Data supplied
::::::::::
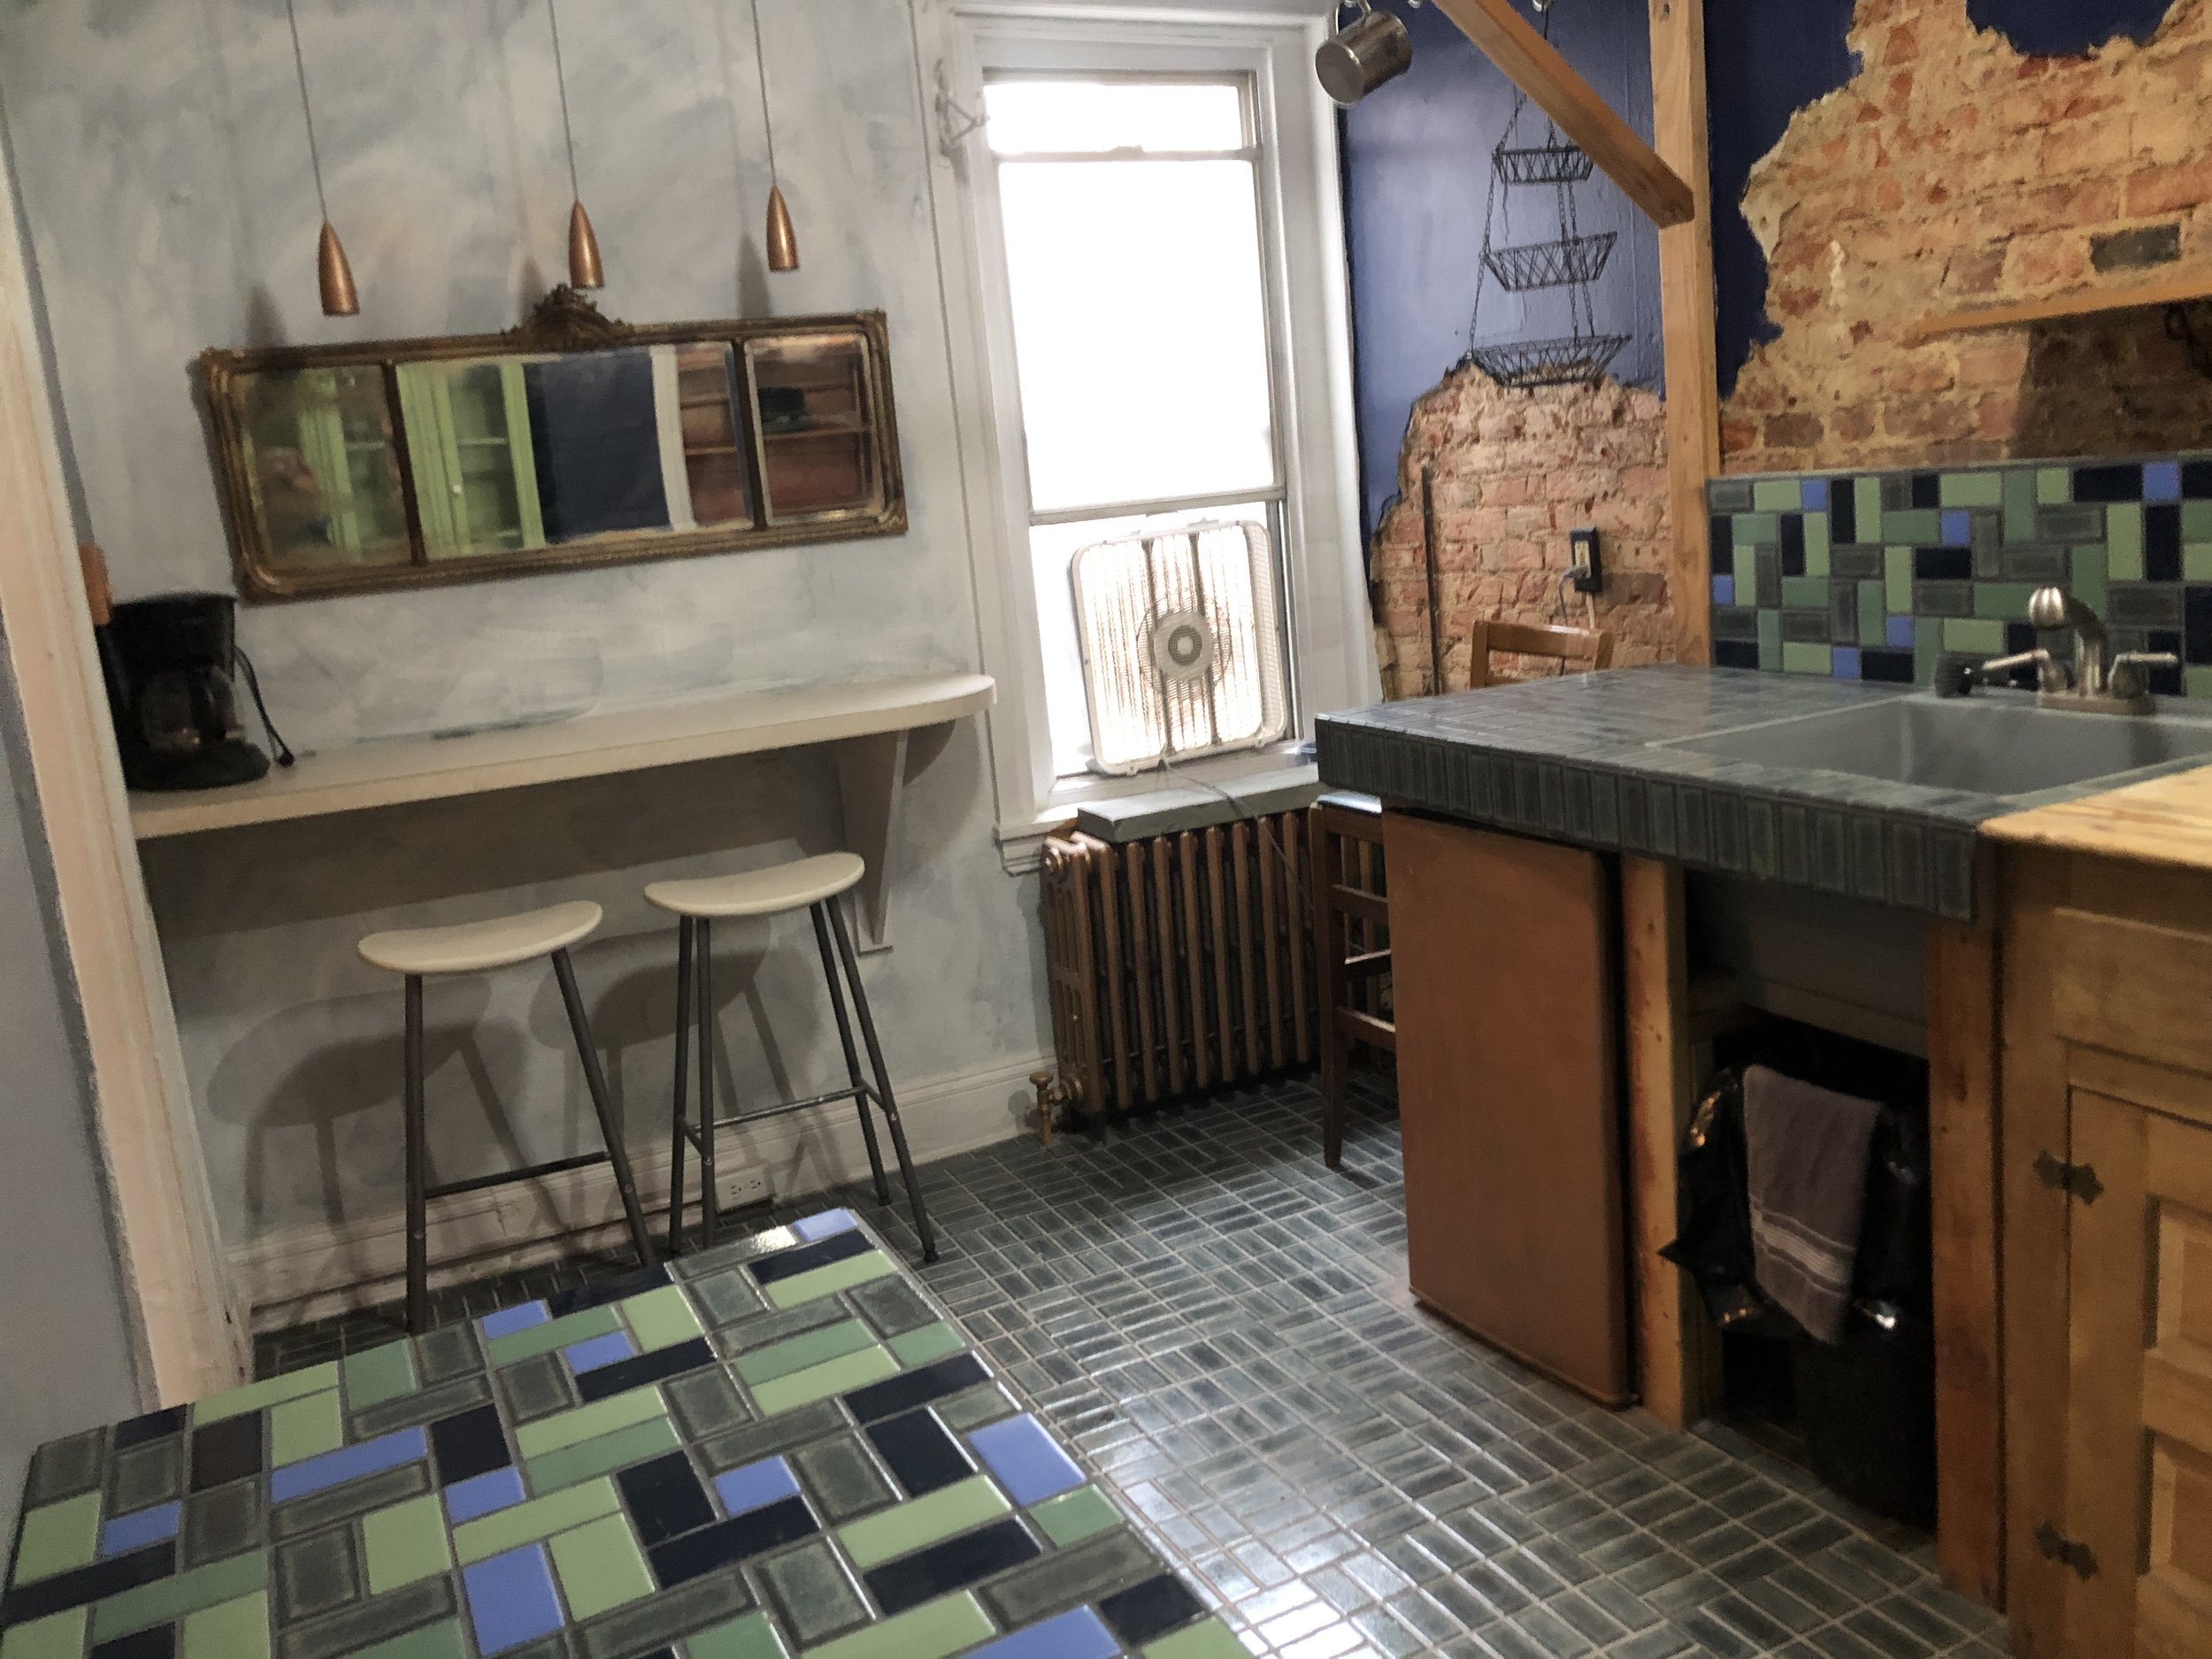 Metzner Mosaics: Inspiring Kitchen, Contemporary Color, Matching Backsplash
::::::::::
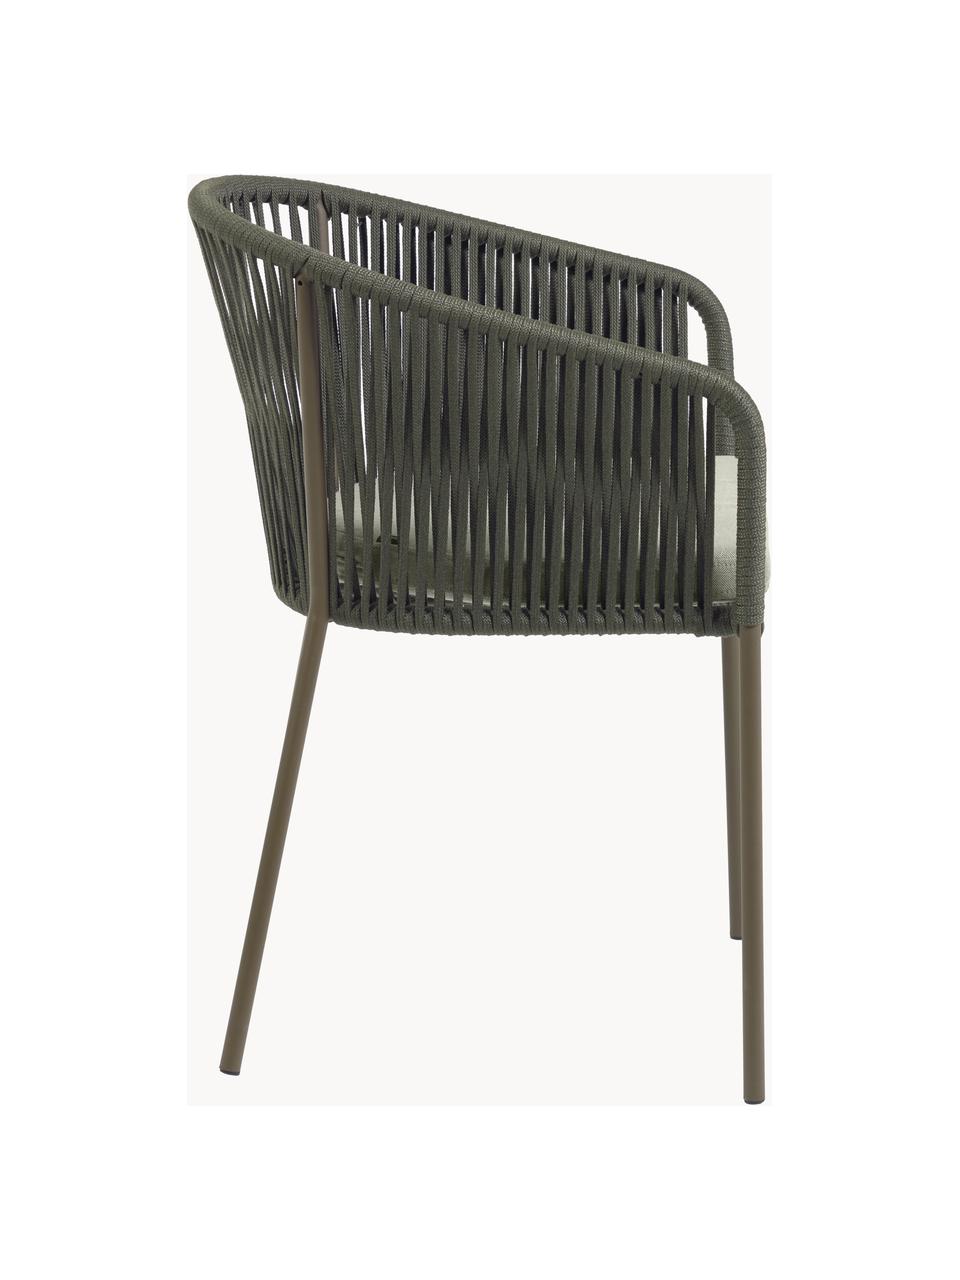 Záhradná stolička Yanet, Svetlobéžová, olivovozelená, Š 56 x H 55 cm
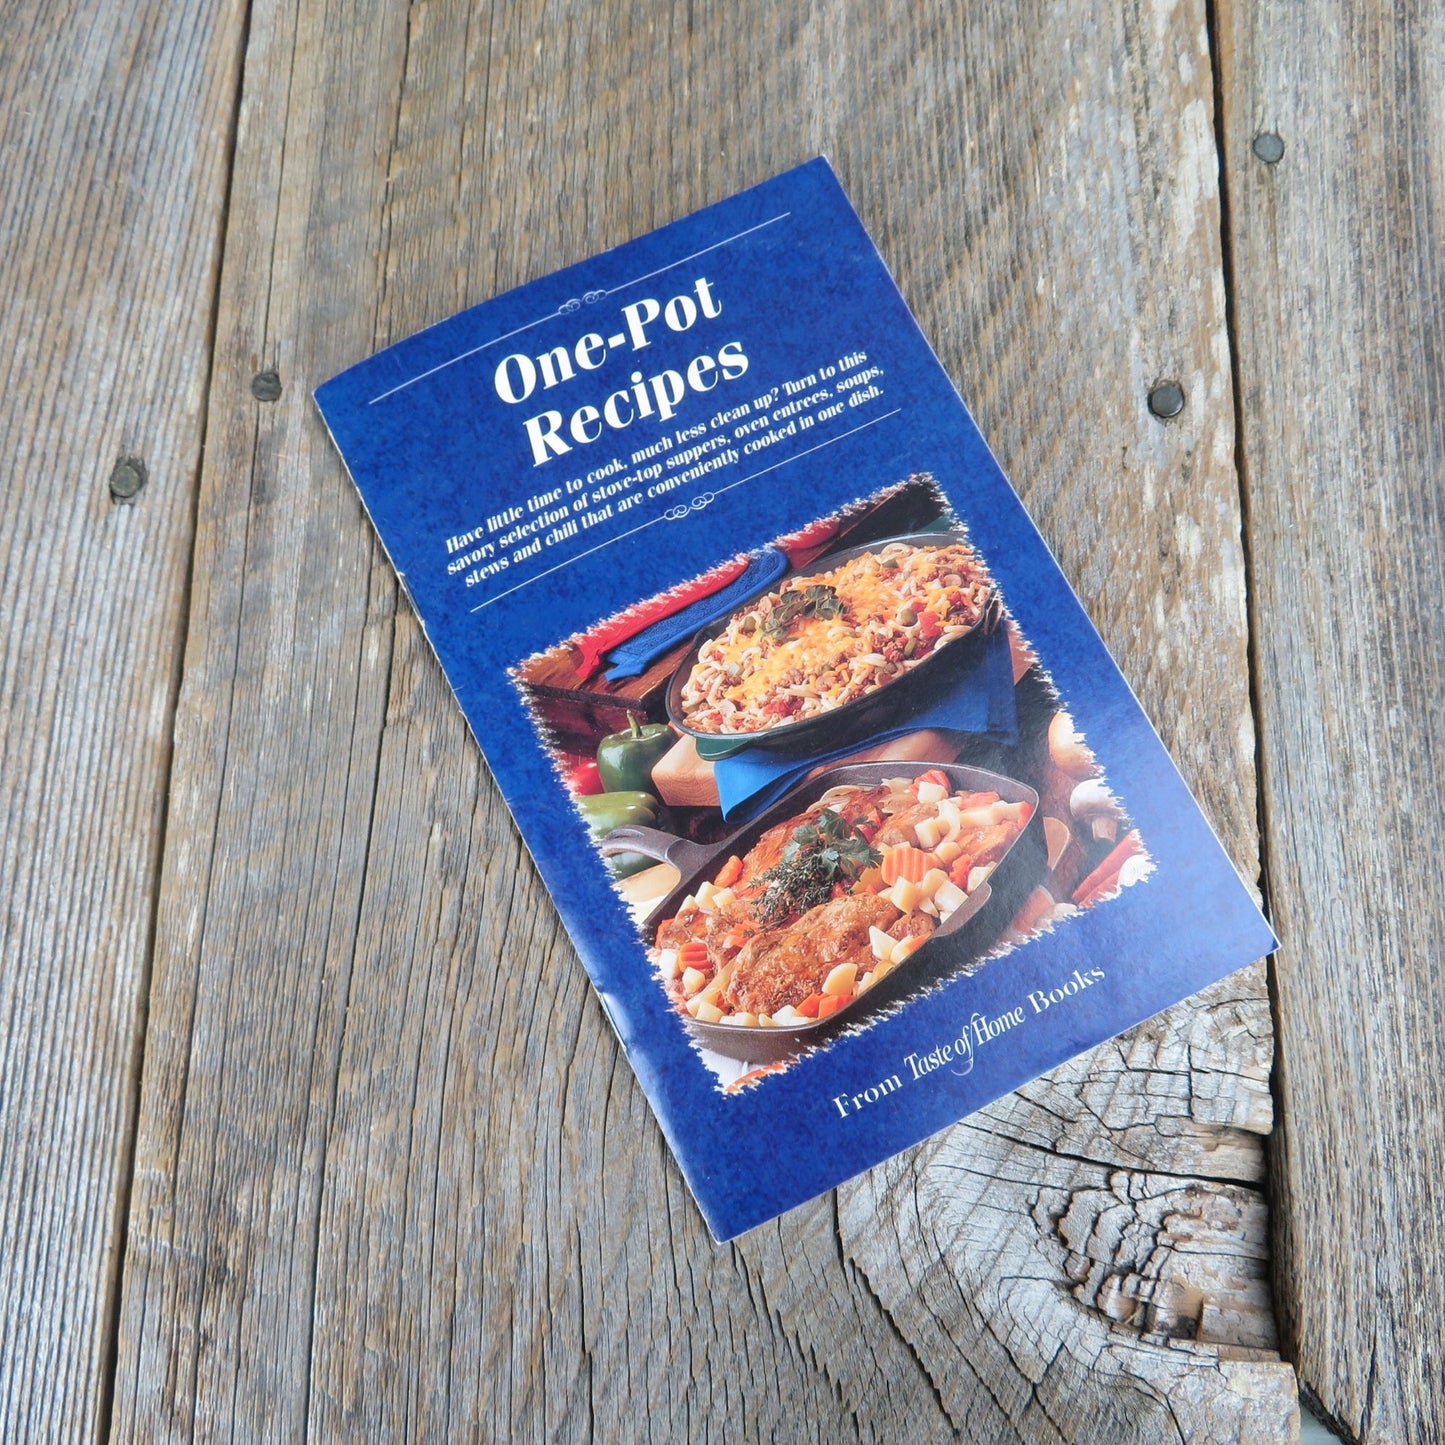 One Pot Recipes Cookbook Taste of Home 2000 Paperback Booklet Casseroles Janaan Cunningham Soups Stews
::::::::::
Assigned task
Print everything from the line with "Záhradná stolička Yanet, Svetlobéžová, olivovozelená, Š" down to the line with "One Pot Recipes" in the entries above, both lines included and nothing more, without the pictures.

Answer for the task
 Záhradná stolička Yanet, Svetlobéžová, olivovozelená, Š 56 x H 55 cm
 One Pot Recipes Cookbook Taste of Home 2000 Paperback Booklet Casseroles Janaan Cunningham Soups Stews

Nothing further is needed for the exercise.